将 C 源代码转换为 C++

发布于 2024-07-07 08:59:45 字数 812 浏览 9 评论 0原文

您将如何将相当大(>300K)、相当成熟的 C 代码库转换为 C++?

所考虑的 CI 类型被分成大致对应于模块的文件(即,比典型的基于 OO 类的分解粒度更小),使用内部链接代替私有函数和数据,使用外部链接代替公共函数和数据。 全局变量广泛用于模块之间的通信。 有非常广泛的集成测试套件可用,但没有单元(即模块)级测试。

我心中有一个总体策略:

  1. 编译 C++ 的 C 子集中的所有内容并使其正常工作。
  2. 将模块转换为巨大的类,以便所有交叉引用都由类名限定范围,但将所有函数和数据保留为静态成员,并使其正常工作。
  3. 使用适当的构造函数和初始化的交叉引用将大型类转换为实例; 根据需要用间接访问替换静态成员访问; 并让它发挥作用。
  4. 现在,将项目视为一个不良因素的 OO 应用程序,并在依赖关系易于处理的情况下编写单元测试,在不易处理的情况下将其分解为单独的类; 这里的目标是在每次转变时从一个工作计划转向另一个工作计划。

显然,这将是一项相当大的工作。 有没有关于这种翻译的案例研究/战争故事? 替代策略? 其他有用的建议?

注 1:该程序是一个编译器,可能有数百万其他程序依赖于其行为不改变,因此大规模重写几乎不是一个选择。

注 2:源代码已近 20 年历史,每年可能有 30% 的代码变动(修改的行数 + 添加的行数/之前的总行数)。 换句话说,它得到了大力维护和扩展。 因此,目标之一是提高可维护性。

[就问题而言,假设必须强制转换为 C++,而将其保留为 C 则不是一种选择。 添加此条件的目的是消除“将其保留在 C 中”答案。]

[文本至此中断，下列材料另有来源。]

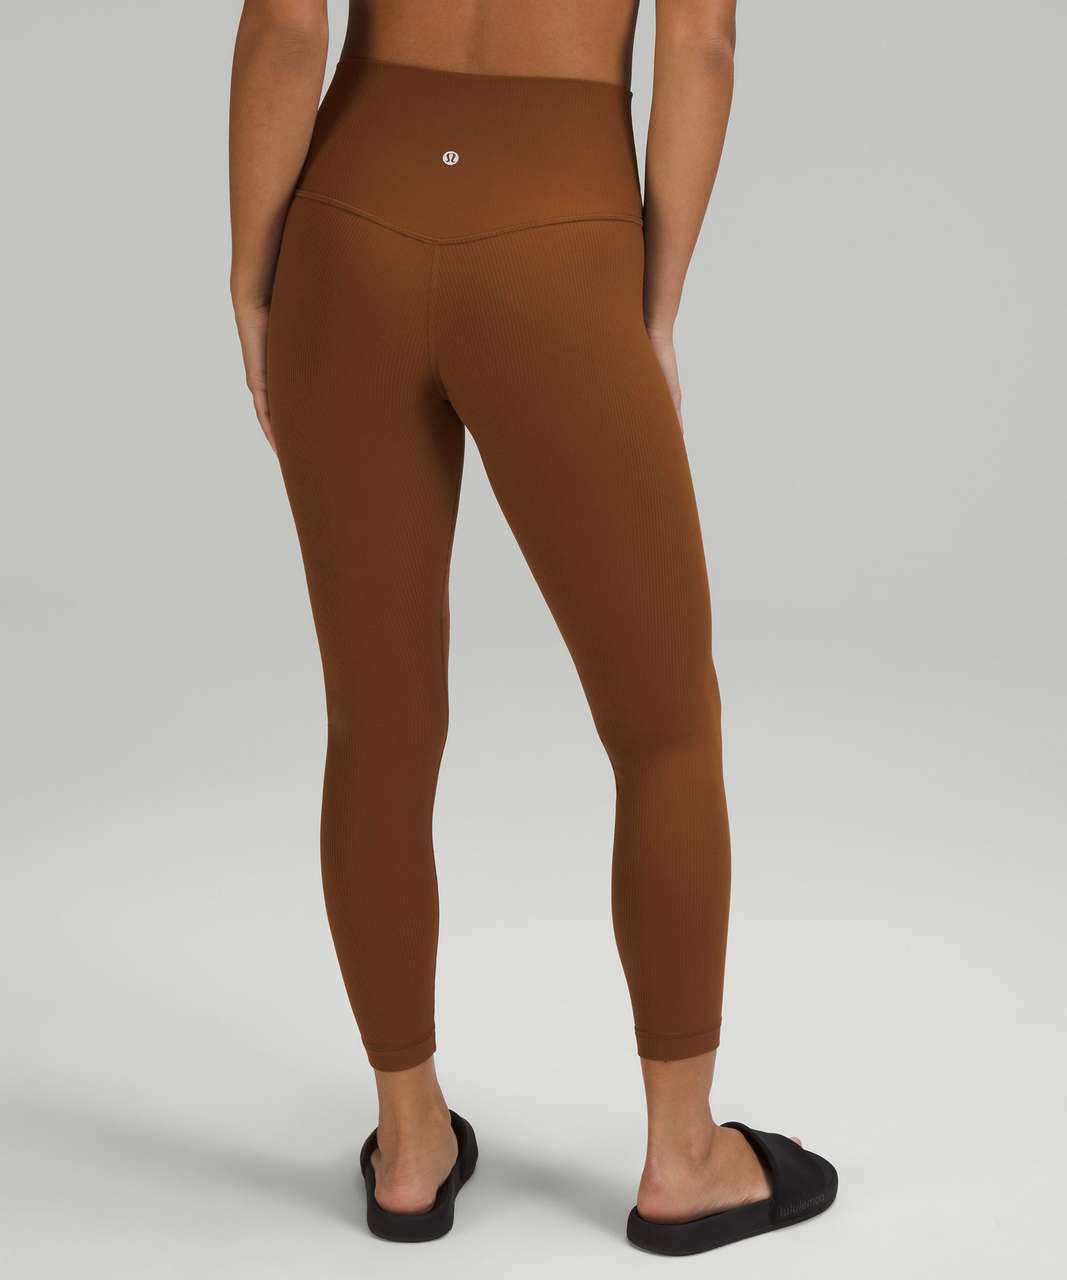 Lululemon Align Ribbed High-Rise Pant 25" - Roasted Brown

How would you go about converting a reasonably large (>300K), fairly mature C codebase to C++?

The kind of C I have in mind is split into files roughly corresponding to modules (i.e. less granular than a typical OO class-based decomposition), using internal linkage in lieu private functions and data, and external linkage for public functions and data. Global variables are used extensively for communication between the modules. There is a very extensive integration test suite available, but no unit (i.e. module) level tests.

I have in mind a general strategy:

  1. Compile everything in C++'s C subset and get that working.
  2. Convert modules into huge classes, so that all the cross-references are scoped by a class name, but leaving all functions and data as static members, and get that working.
  3. Convert huge classes into instances with appropriate constructors and initialized cross-references; replace static member accesses with indirect accesses as appropriate; and get that working.
  4. Now, approach the project as an ill-factored OO application, and write unit tests where dependencies are tractable, and decompose into separate classes where they are not; the goal here would be to move from one working program to another at each transformation.

Obviously, this would be quite a bit of work. Are there any case studies / war stories out there on this kind of translation? Alternative strategies? Other useful advice?

Note 1: the program is a compiler, and probably millions of other programs rely on its behaviour not changing, so wholesale rewriting is pretty much not an option.

Note 2: the source is nearly 20 years old, and has perhaps 30% code churn (lines modified + added / previous total lines) per year. It is heavily maintained and extended, in other words. Thus, one of the goals would be to increase mantainability.

[For the sake of the question, assume that translation into C++ is mandatory, and that leaving it in C is not an option. The point of adding this condition is to weed out the "leave it in C" answers.]

如果你对这篇内容有疑问,欢迎到本站社区发帖提问 参与讨论,获取更多帮助,或者扫码二维码加入 Web 技术交流群。

扫码二维码加入Web技术交流群

发布评论

需要 登录 才能够评论, 你可以免费 注册 一个本站的账号。

评论(11

阳光下的泡沫是彩色的 2024-07-14 08:59:45

几个月前,我刚刚开始做几乎同样的事情(在一个已有十年历史的商业项目中,最初是用“C++ 只不过是具有智能structs 的 C”哲学编写的),我建议使用与吃大象相同的策略:一次咬一口。 :-)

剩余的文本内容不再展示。